Varanasi
For Heritage as Placemaking, Sasanka Perera and Pooja Kalita study Varanasi as a site that has held immense significance for Hindu and Buddhist communities alike. This site has not only been considered a vital part of ‘Indian’ heritage, but is also popularly perceived as a location that binds different transnational communities together.
Sasanka Perera examines how this site becomes important to Buddhists through an active process of placemaking as well as via the interventions of different state interests. Varanasi is a key site for Buddhists because they believe it to be the place where the Buddha delivered his first sermon in 528 BCE. But the past is not the only factor playing a role in making the cultural and spatial personality of Varanasi. Different countries bring their own cultural practices to Varanasi, as they do to Bodh Gaya, through pilgrim travel and practices. Thus, Perera’s goal is to understand the ways in which different ‘national’ interests of pilgrims and governments, along with the institutions they set up, play a lasting role in their own imagination of the place. In this way, the research will see how Varanasi is ‘nationalized’ by different people at the intersection of placemaking and bureaucratic practices.
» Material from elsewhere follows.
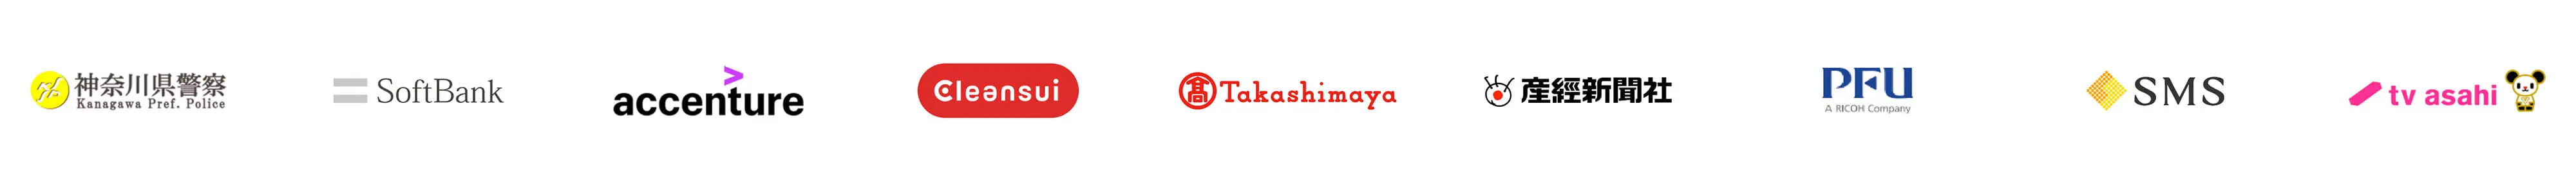 神奈川県警察 SoftBank accenture cleansui Takashimaya 産経新聞社 PFU SMS tv asahi

A crucial aspect of Pooja Kalita’s project is looking at cultural practices at Varanasi through the lens of gender: as various transnational communities interact among themselves as pilgrims, tourists, explorers, state agents, etc., gender performance remains neither static nor unilinear. However, the contemporary politics in India makes Varanasi even more crutial to study, as we witness the simultaneous erasure and emergence of ‘new’ heritage in this political milieu, which often negates as well as creates certain histories and mythologies.